§ **Task requirements**:
Reproduce all of the data below without alteration; exclude every picture.

§ **Dataset extract**:

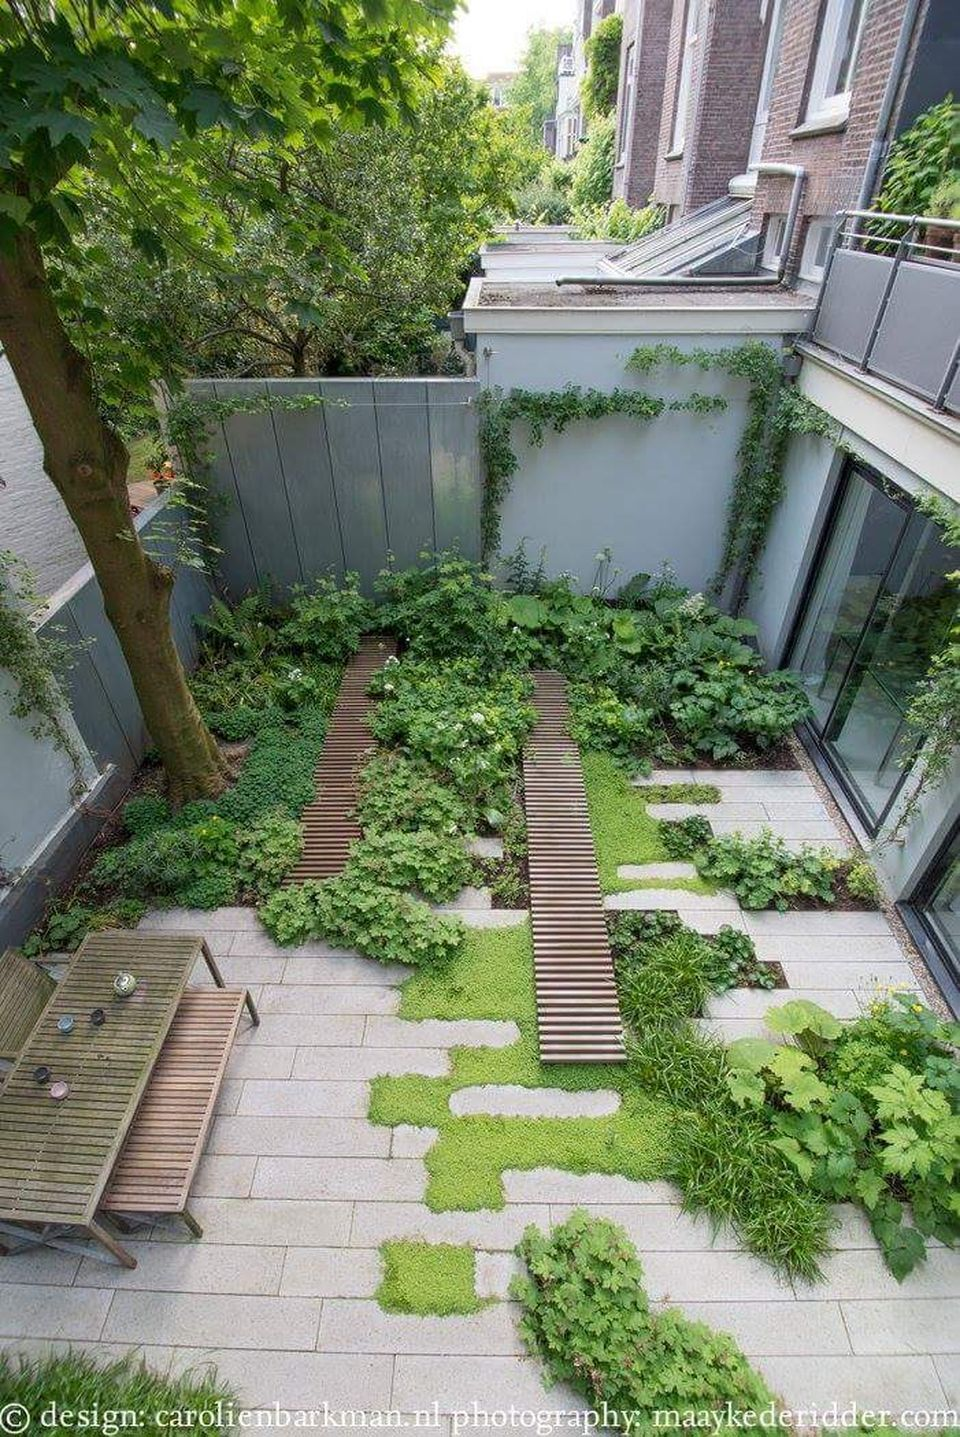 a0e99f9a001676a8844979b6b66e9eb3 - The History Of Landscape Design In 100 Gardens
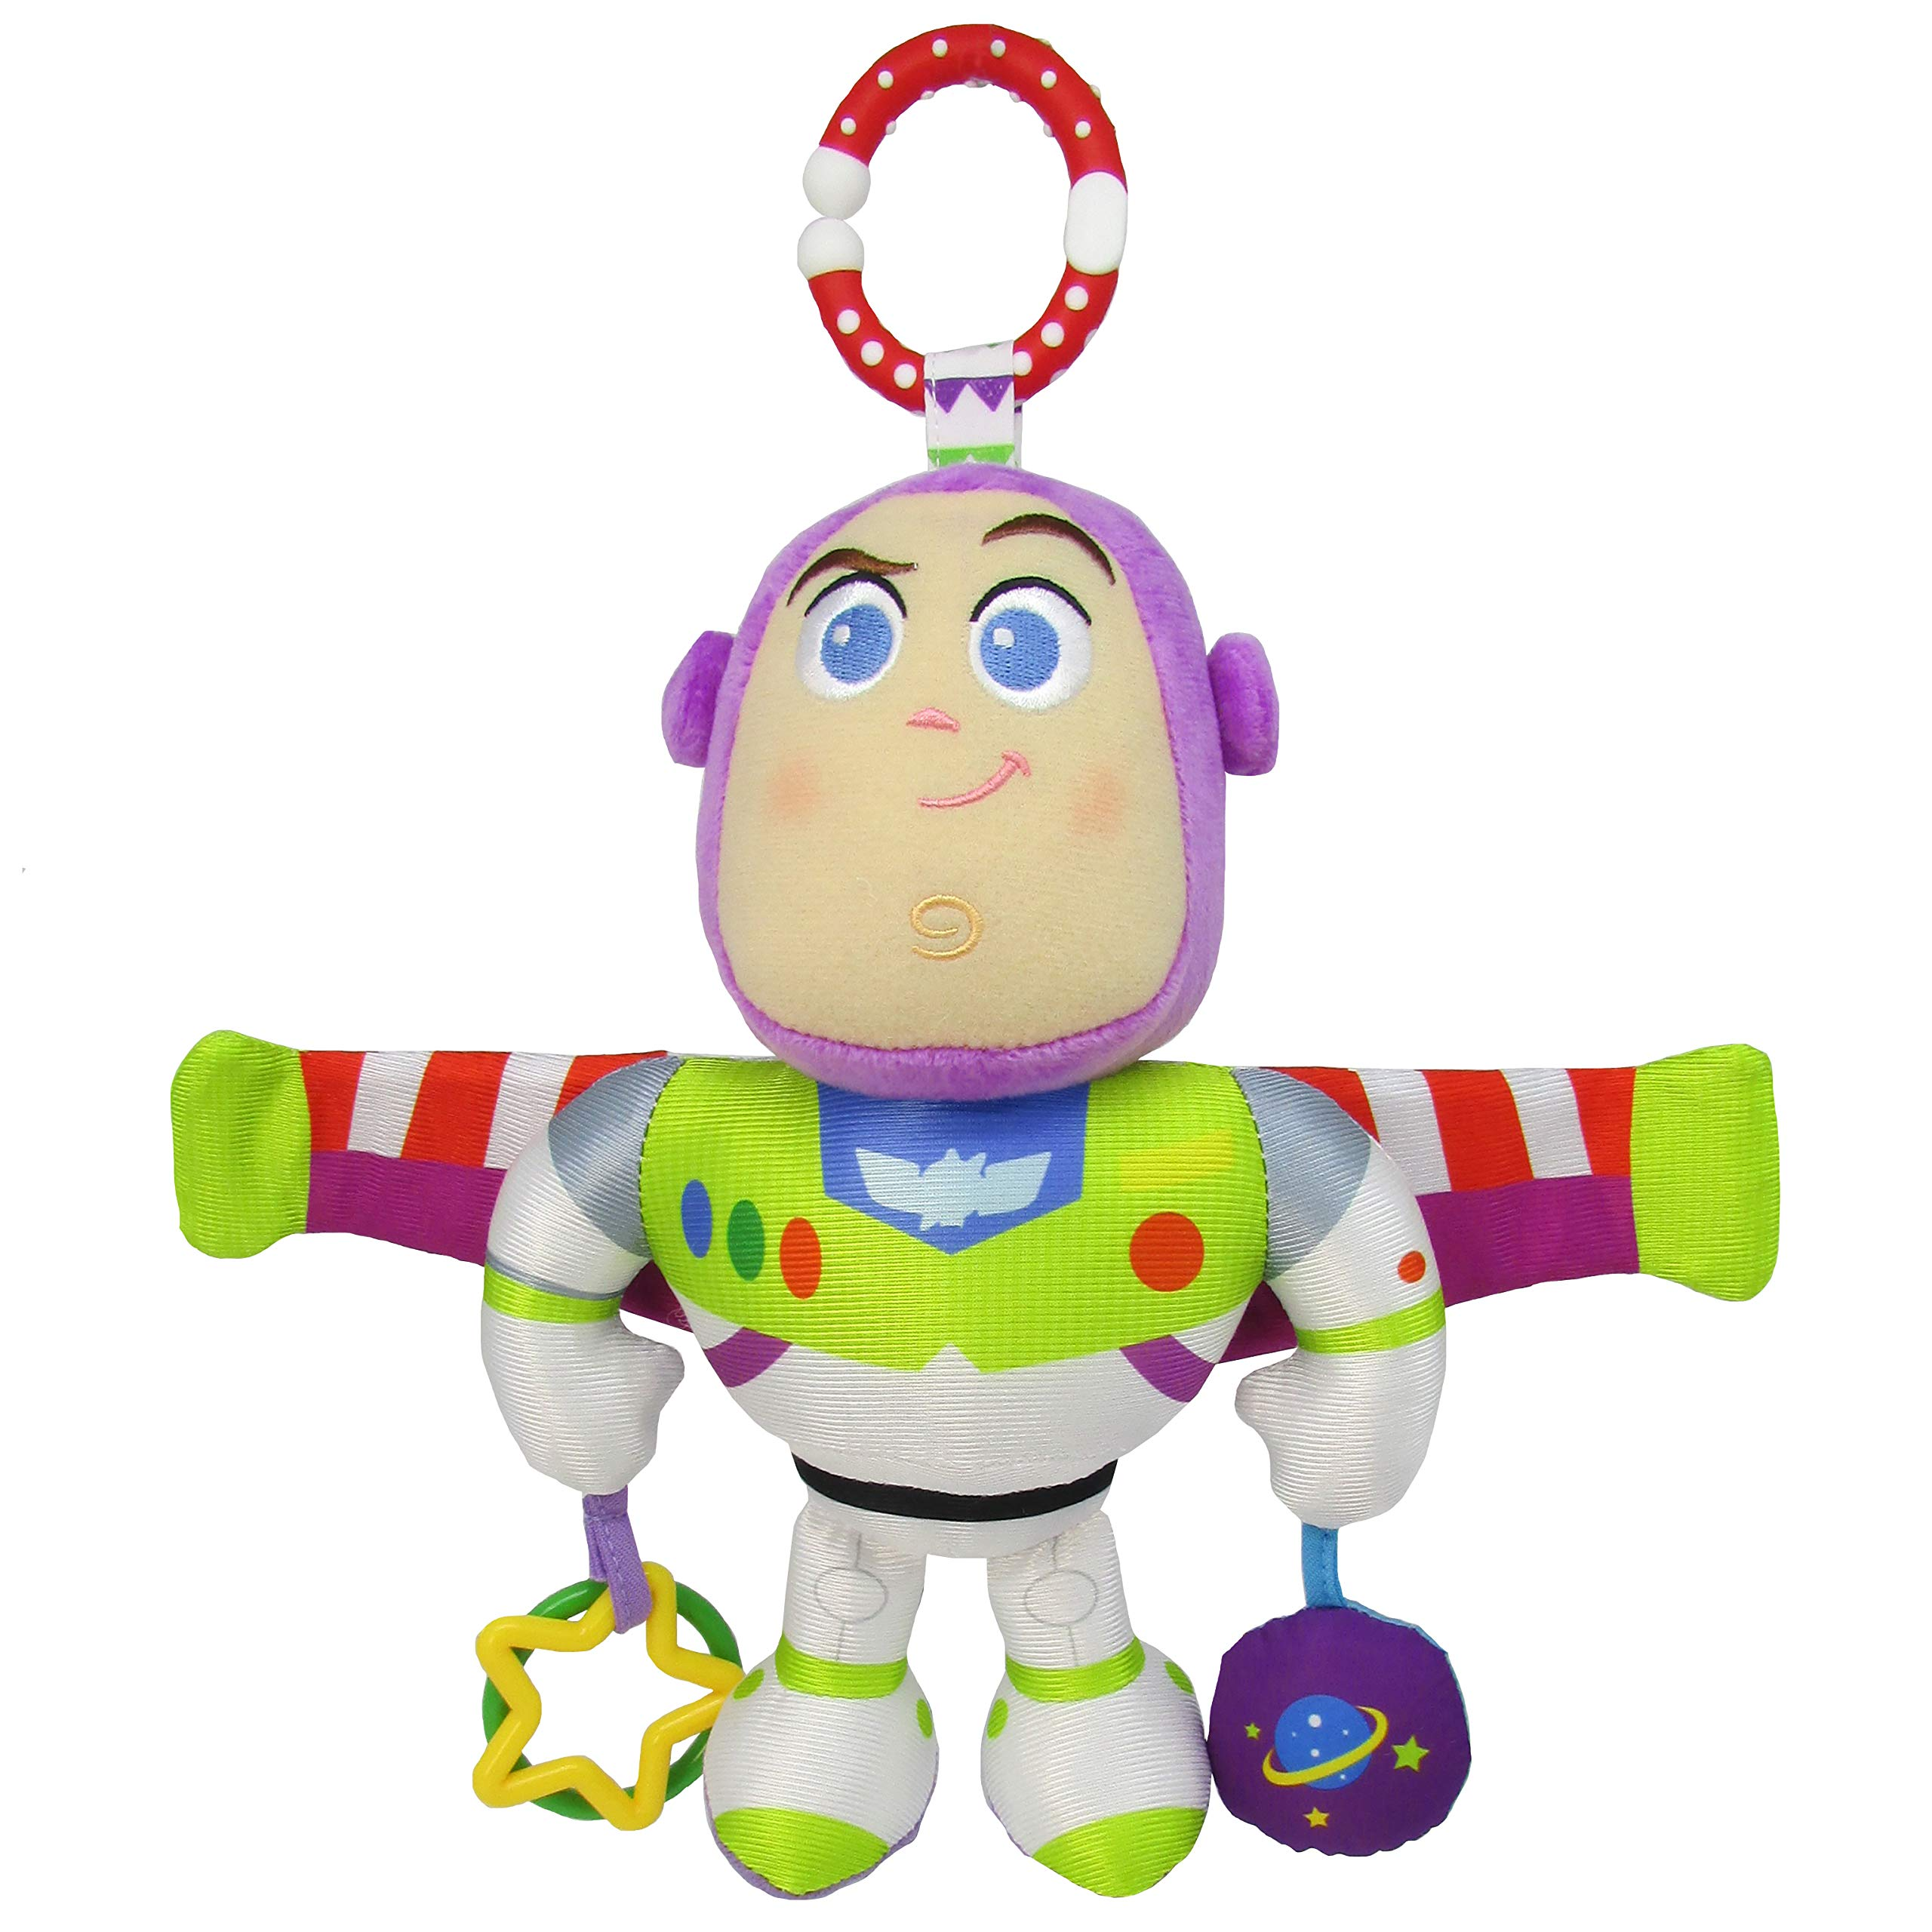 Disney•Pixar Toy Story Buzz Lightyear On The Go Activity Toy
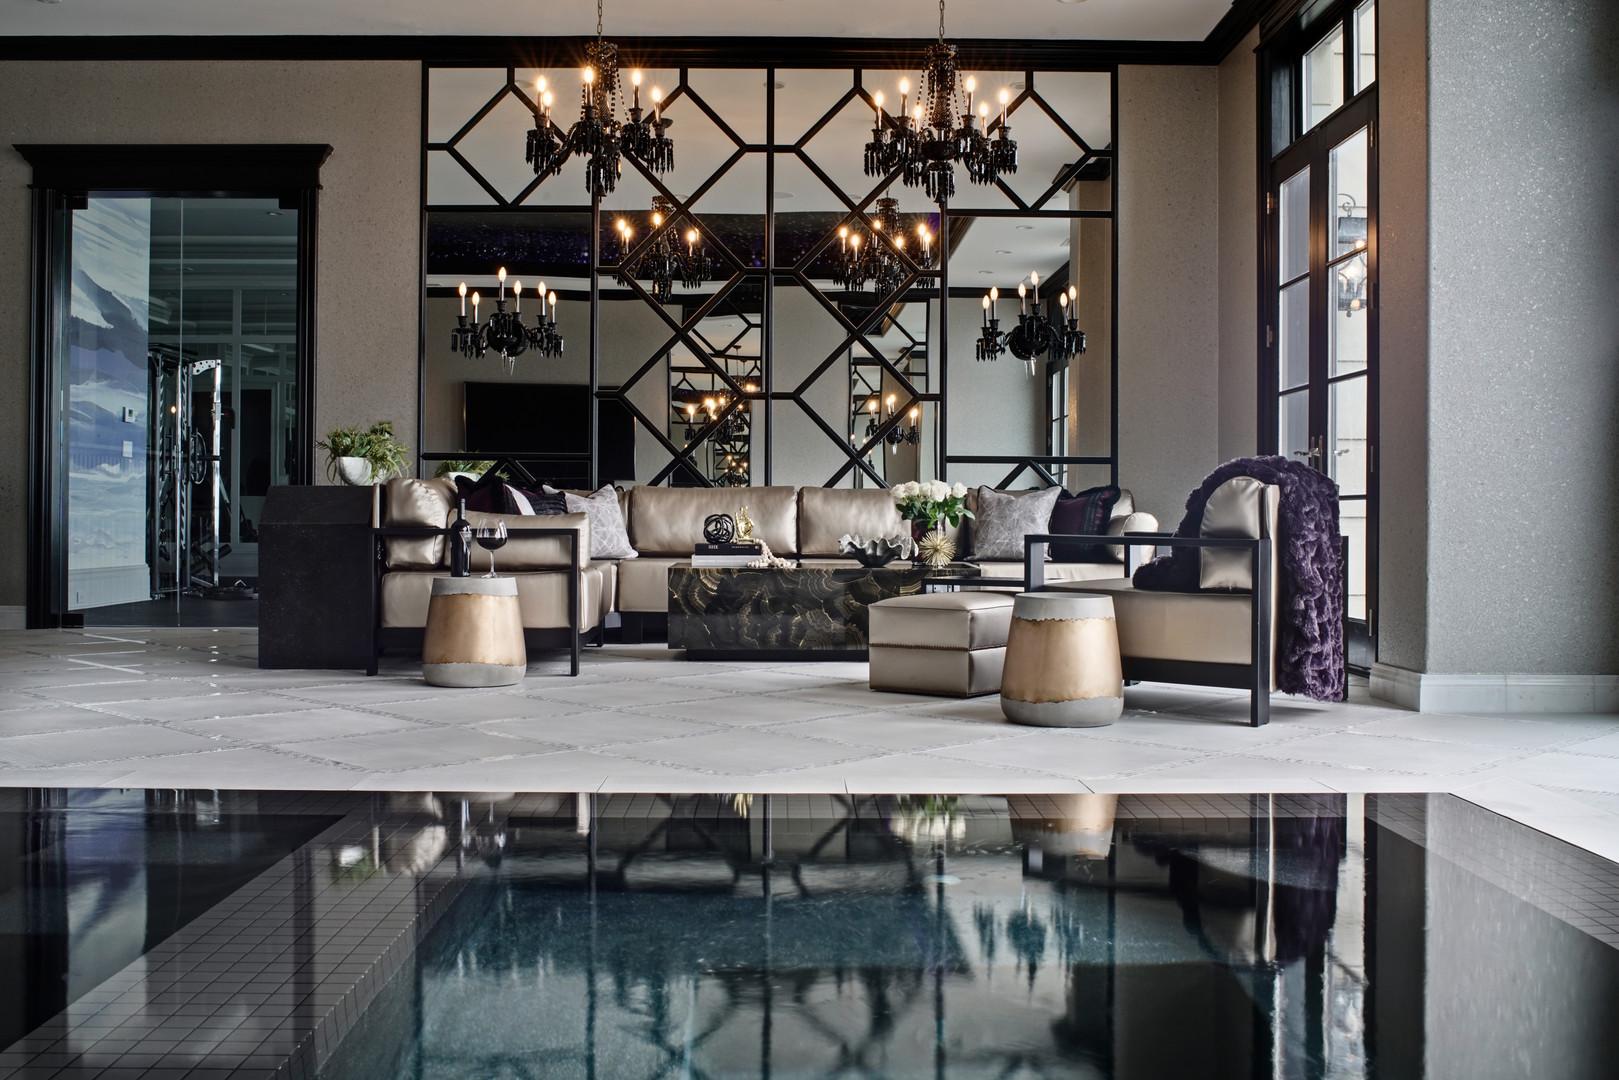 Pool House Lounge

§ **Your solution**:
 a0e99f9a001676a8844979b6b66e9eb3 - The History Of Landscape Design In 100 Gardens
 Disney•Pixar Toy Story Buzz Lightyear On The Go Activity Toy
 Pool House Lounge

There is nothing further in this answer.